There are certain events in our lives that we pause to commemorate.  We often call these milestones and they can vary from doing something new to achieving something great.  We might recognize these events in different ways.  They could serve as a marker of development, such as learning to walk or talk.  They could be a thing to celebrate such as a graduation or a new job. Or they could be a transition point in our lives – such as earning  your driver’s license , getting married or having a child.  Or, most importantly, they could be a time in our lives to stop and reflect on where we have been and where we are going.

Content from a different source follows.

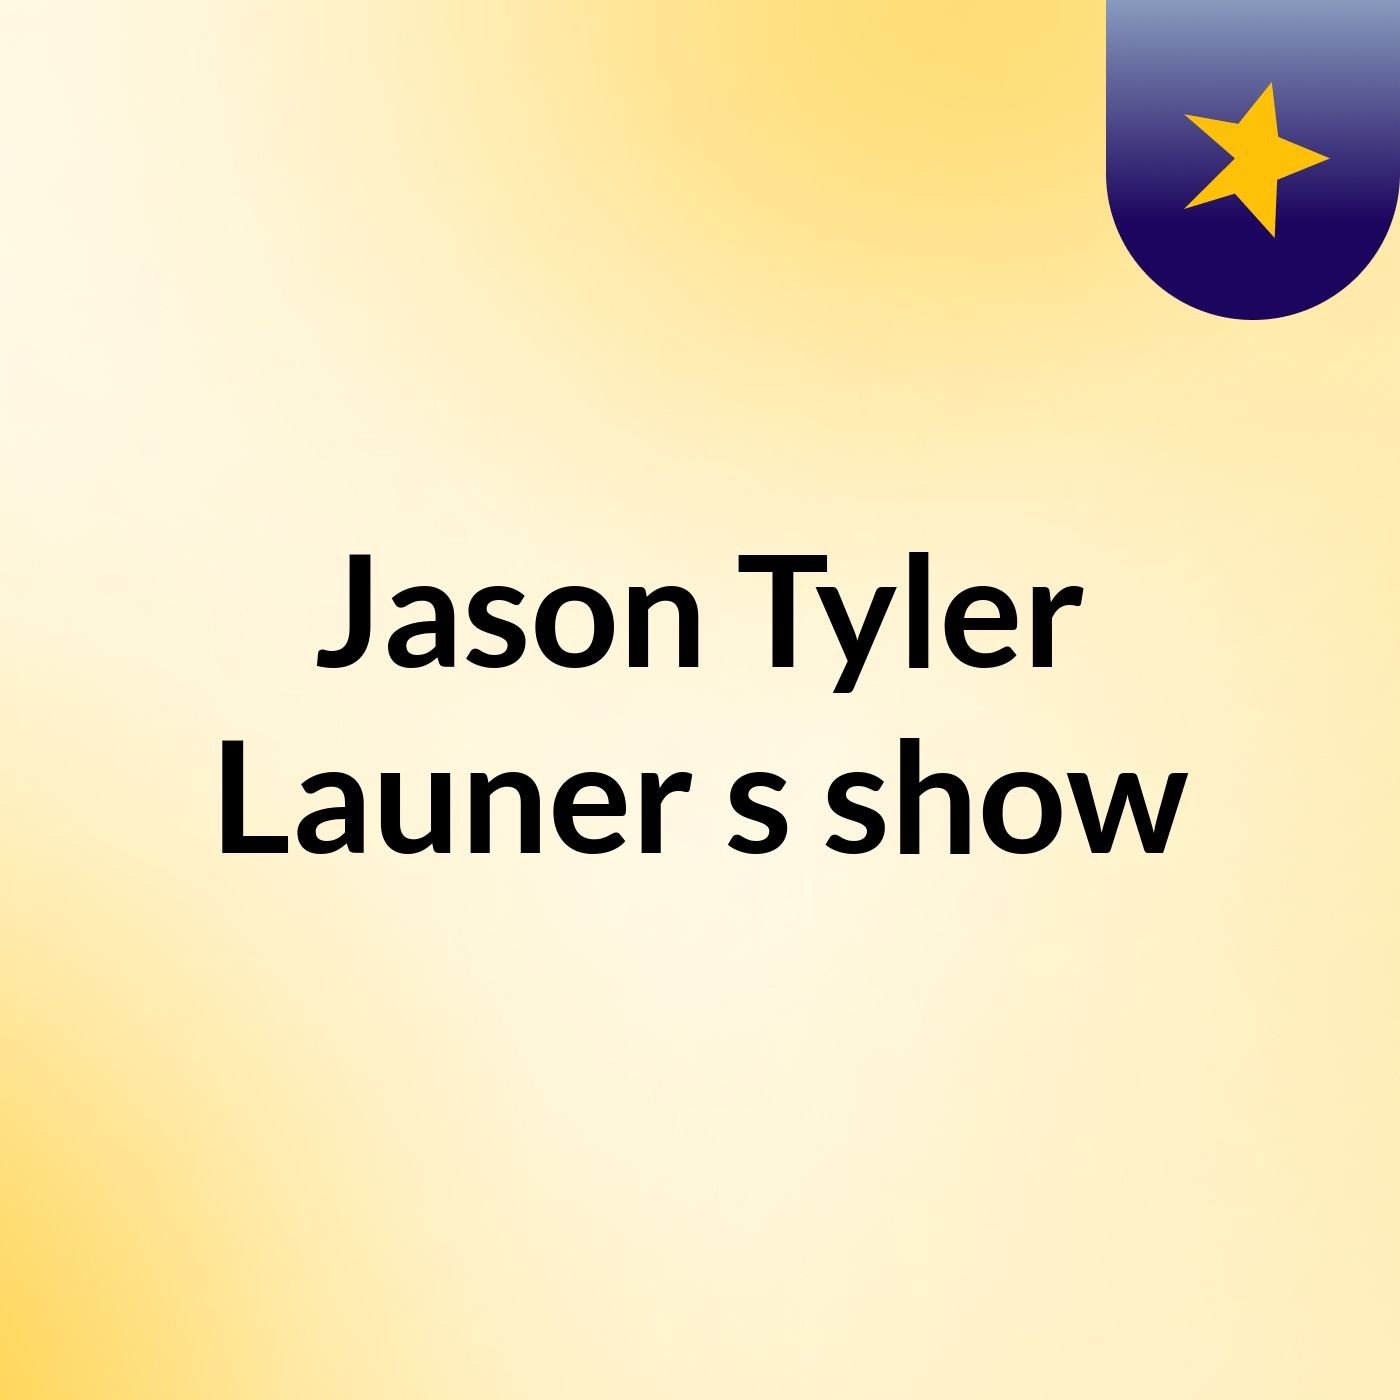 Jason Tyler Launer's show

Today is one of those days in my life.  I turn forty years old today.  Forty has always been one of those birthdays that seem to have more meaning attached to them.  I don’t think it’s just because it has a zero at the end of it.  We don’t say you are turning the “Big 3-0”.  And it’s not because we are particularly old, outliving most of our friends.  I think it’s because it marks the beginning of the second half of our lives and therefore defines “middle aged.”  I think it is also important because it is a time when people look back on their lives and often define themselves by what they have accomplished to this point.  It can be a time for angst – “Am I doing what I am supposed to be doing?”.  It can also be a time for yearning for the past and for youth.  This is why so many men “trade in” their wives for a younger model or purchase a convertible sports car.   And for women, it can signify the closing of their child bearing years.

It’s also a time of looking forward.  We wonder where our lives will be taking us and who will be a part of that.

Turning forty has caused me to reflect on all of these things.  I realize that I have as many years ahead of me as I do behind me, but there is a small sensation of loss.  My body will never be as resilient as it was.  I’ll probably never be as physically fit as I have been in the past.  I’ll never experience again the formative experiences of my past.  However, at the same time, I have so many new experiences to look forward to – growing and sustaining a healthy business, watching my children blossom into adulthood and have their own children and the unknown adventures that lie around the corner.

Leading up to forty, I wondered if I would have the prototypical midlife crisis.  I wondered if what I am doing is important enough or lasting enough to validate my existence.  Fortunately, my answer was yes.  When I look at everything I’ve accomplished in my forty years, I find it’s actually pretty amazing:  the friendships of youth, the academic trials of high school, college and medical school, the grueling hours and sipping from the fire hose  of knowledge of residency, forming my own practice, sustaining a healthy marriage and the joy and agony of parenthood.  Not to mention the entirety of my experience caring for patients and their families.  These are the things that have defined my life to this point and I am proud of all of it.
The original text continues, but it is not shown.